--- PROVIDED MATERIAL Enclosed Below ---
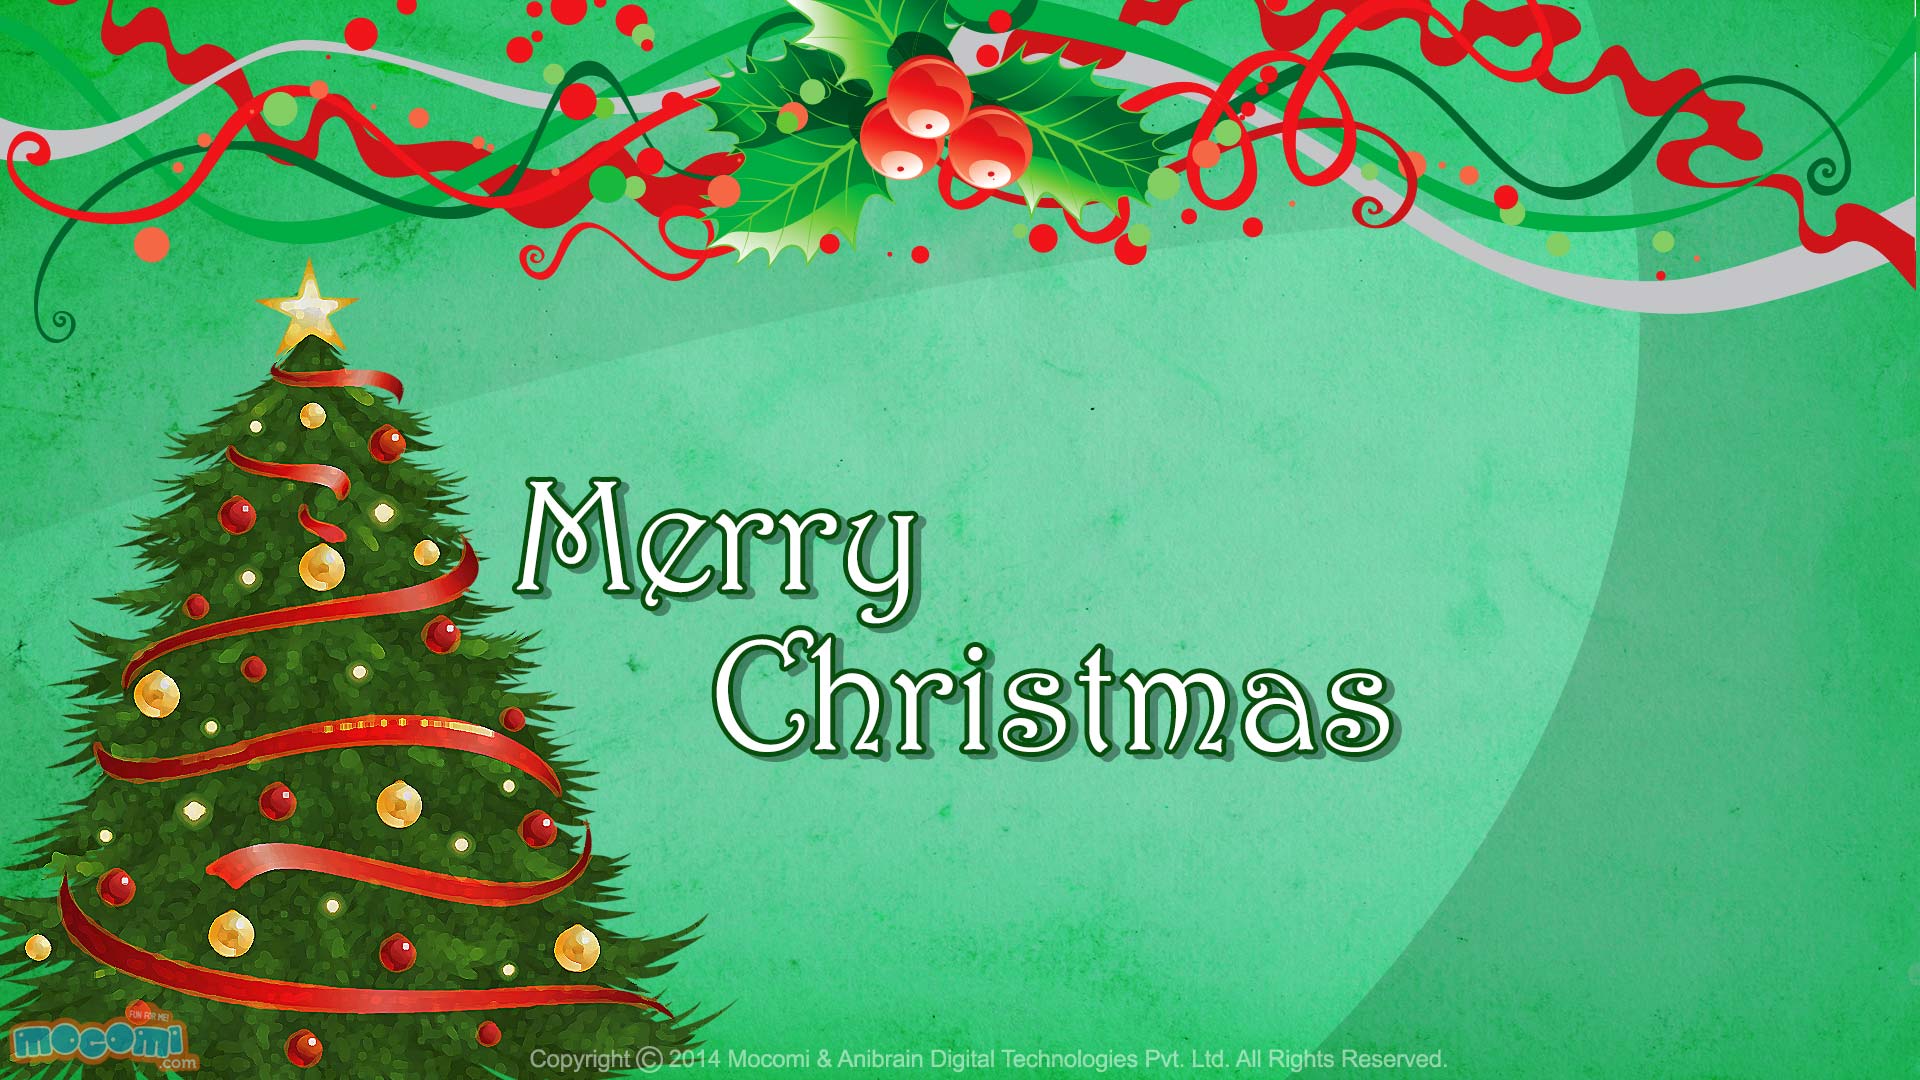 Merry Christmas- Holly Wallpaper for Kids
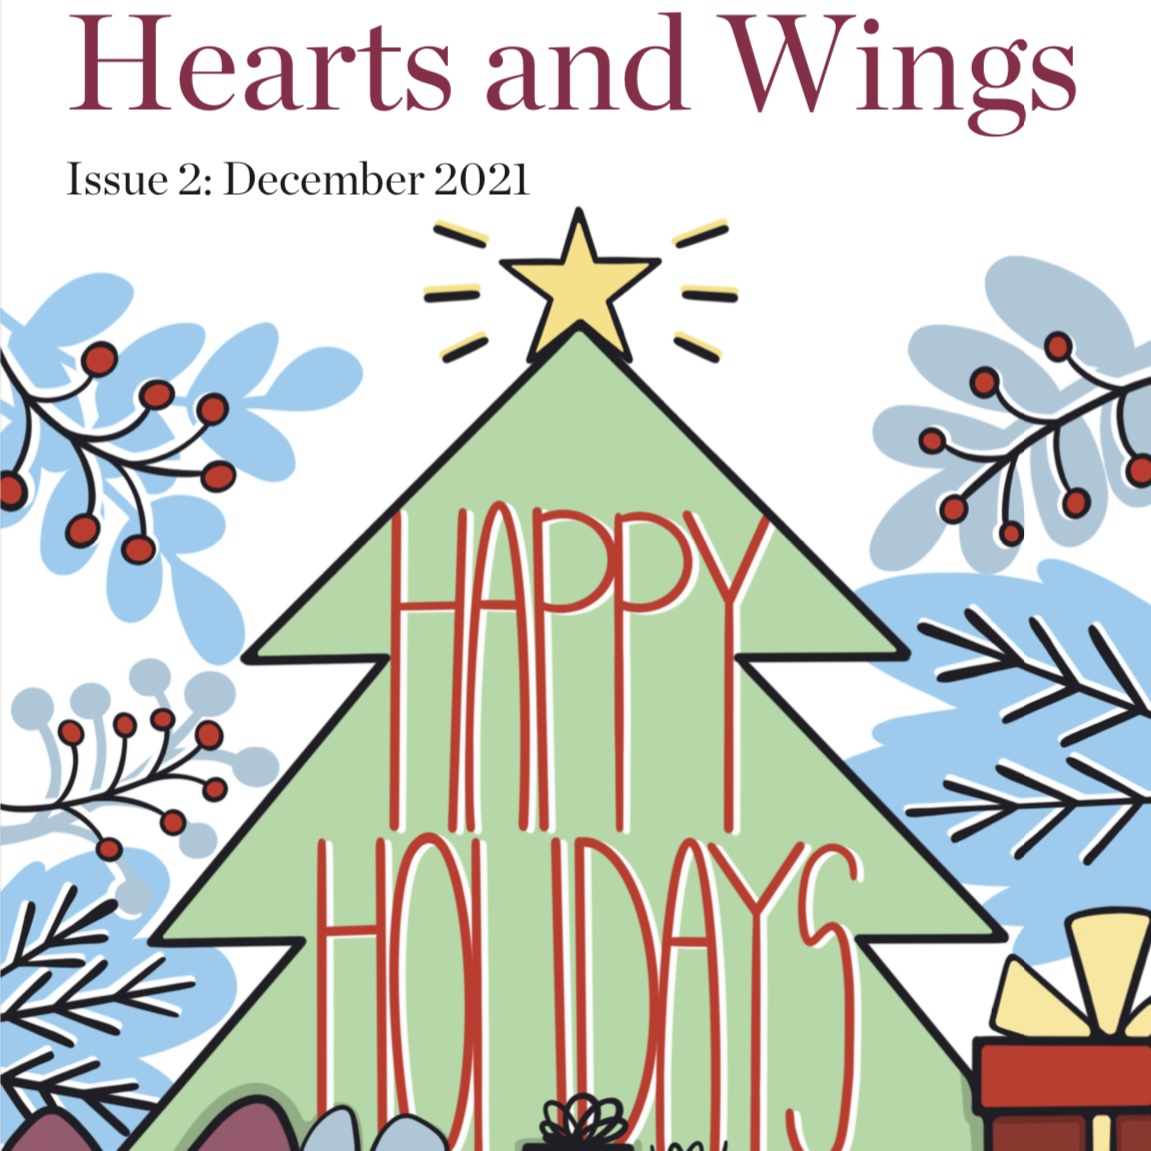 The Second Issue of "Hearts and Wings"
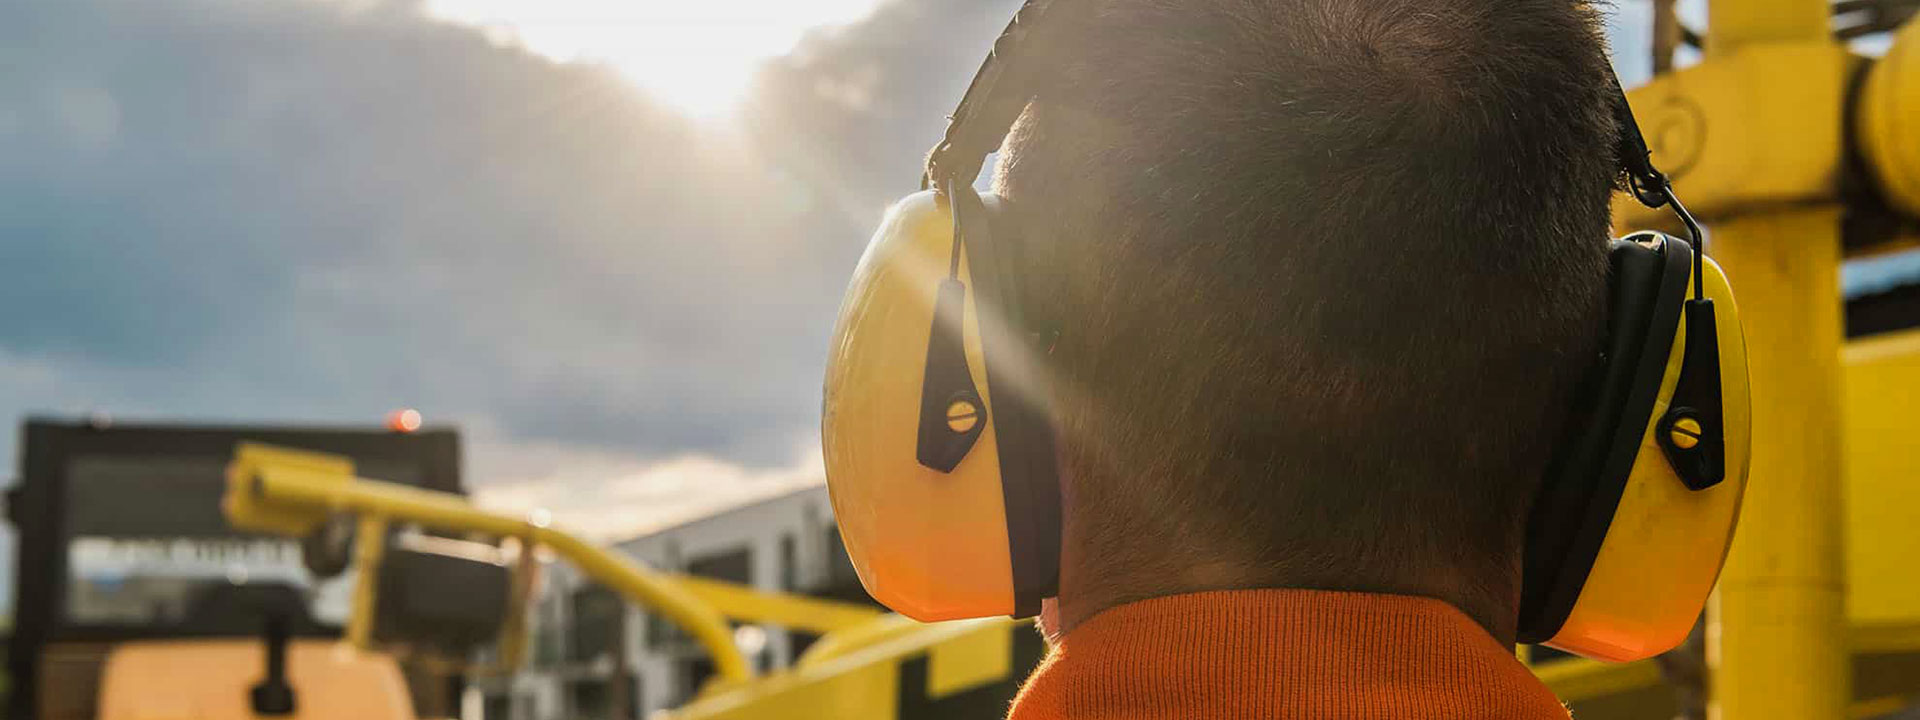 EN 352-3 Hearing Protectors - General Rules - Part 3: Protective Headphones Fitted in an Industrial Safety Helmet
--- End of Enclosed PROVIDED MATERIAL ---
→ WHAT TO DO: Print the material above word for word, and keep the pictures out of it.

→ EXERCISE SOLUTION:
 Merry Christmas- Holly Wallpaper for Kids
 The Second Issue of "Hearts and Wings"
 EN 352-3 Hearing Protectors - General Rules - Part 3: Protective Headphones Fitted in an Industrial Safety Helmet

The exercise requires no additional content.